In this blog, we have already discussed and what gradient boosting is. However, for a brief recap, gradient boosting improves model performance by first developing an initial model called the base learner using whatever algorithm of your choice (linear, tree, etc.).
What follows next is that gradient boosting looks at the error in the first model and develops a second model using what is called the loss function. The loss function calculates the difference between the current accuracy and the desired prediction whether it’s accuracy for classification or error in regression. This process is repeated with the creation of additional models until a certain level of accuracy or reduction in error is attained.
This post what provide an example of the use of gradient boosting in random forest classification.
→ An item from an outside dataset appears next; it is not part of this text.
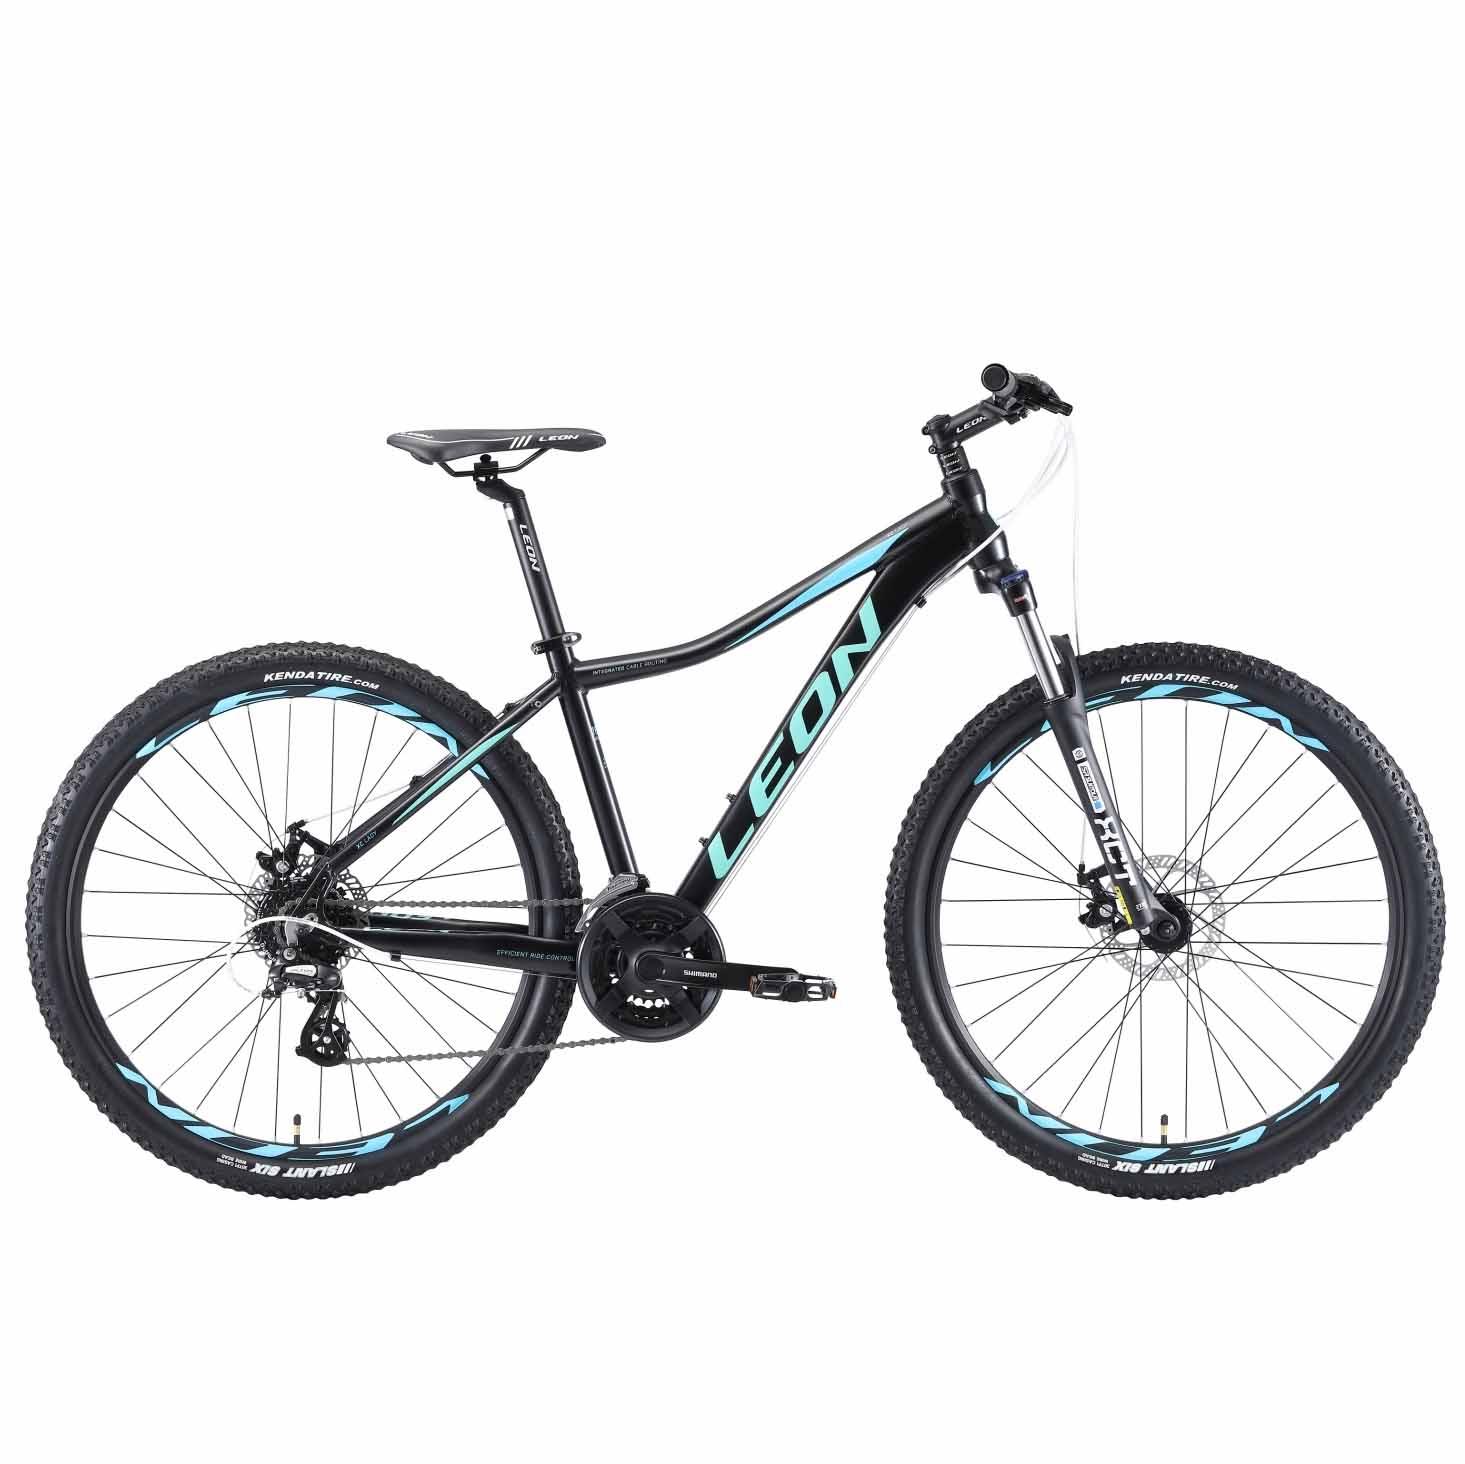 Фото Горный Велосипед 27.5 Leon XC-LADY DD  черно-мятный с голубым  2019
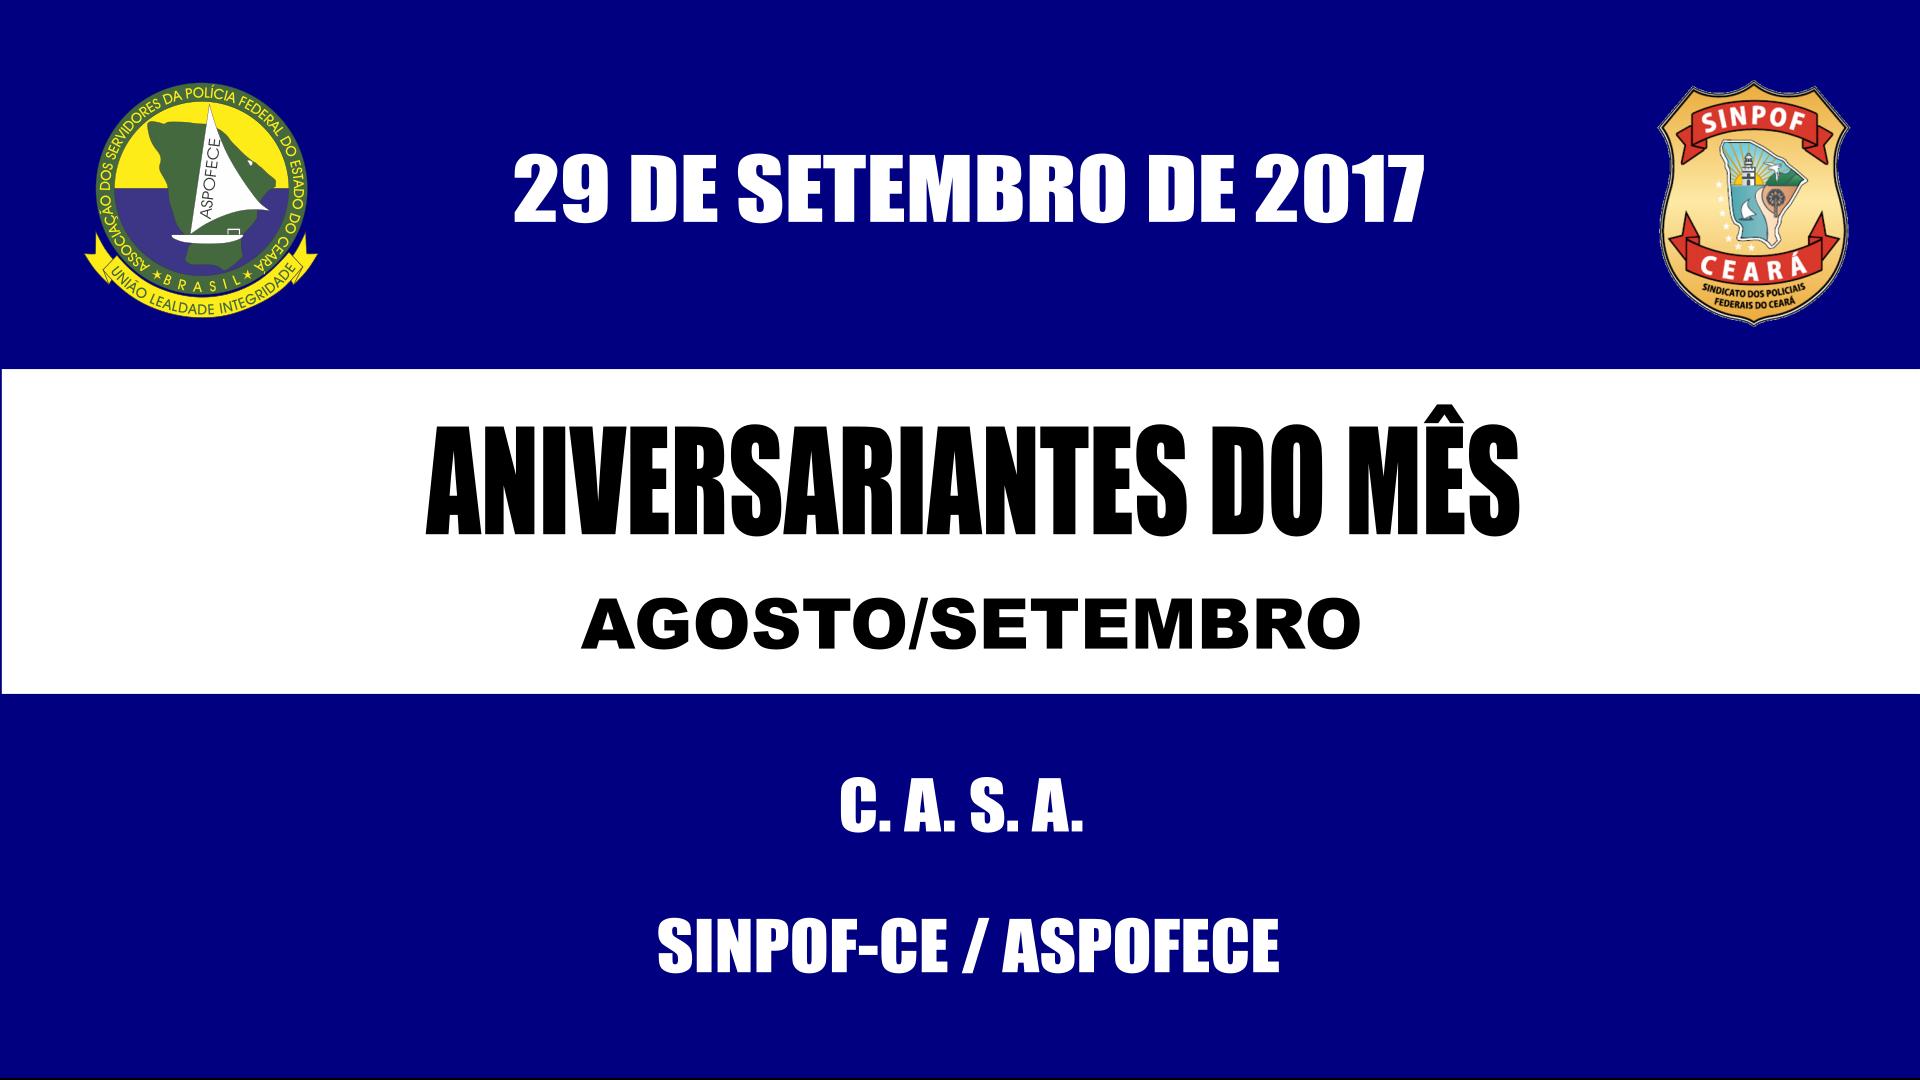 Confraternização dos aniversariantes dos meses de agosto e setembro de 2017

Specifically, we will try to predict a person’s labor participation based on several independent variables.
library(randomForest);library(gbm);library(caret);library(Ecdat)
data("Participation")
str(Participation)
## 'data.frame': 872 obs. of 7 variables:
## $ lfp : Factor w/ 2 levels "no","yes": 1 2 1 1 1 2 1 2 1 1 ...
## $ lnnlinc: num 10.8 10.5 11 11.1 11.1 ...
## $ age : num 3 4.5 4.6 3.1 4.4 4.2 5.1 3.2 3.9 4.3 ...
## $ educ : num 8 8 9 11 12 12 8 8 12 11 ...
## $ nyc : num 1 0 0 2 0 0 0 0 0 0 ...
## $ noc : num 1 1 0 0 2 1 0 2 0 2 ...
## $ foreign: Factor w/ 2 levels "no","yes": 1 1 1 1 1 1 1 1 1 1 ...
Data Preparation
We need to transform the ‘age’ variable by multiplying by ten so that the ages are realistic. In addition, we need to convert “lnnlinc” from the log of salary to regular salary. Below is the code to transform these two variables.
Participation$age<-10*Participation$age #normal age
Participation$lnnlinc<-exp(Participation$lnnlinc) #actual income not log
We can now create our train and test datasets
set.seed(502)
ind=sample(2,nrow(Participation),replace=T,prob=c(.7,.3))
train<-Participation[ind==1,]
test<-Participation[ind==2,]
We now need to create our grid and control. The grid allows us to create several different models with various parameter settings. This is important in determining what is the most appropriate model which is always determined by comparing. We are using random forest so we need to set the number of trees we desire, the depth of the trees, the shrinkage which controls the influence of each tree, and the minimum number of observations in a node. The control will allow us to set the cross-validation. Below is the code for the creation of the grid and control.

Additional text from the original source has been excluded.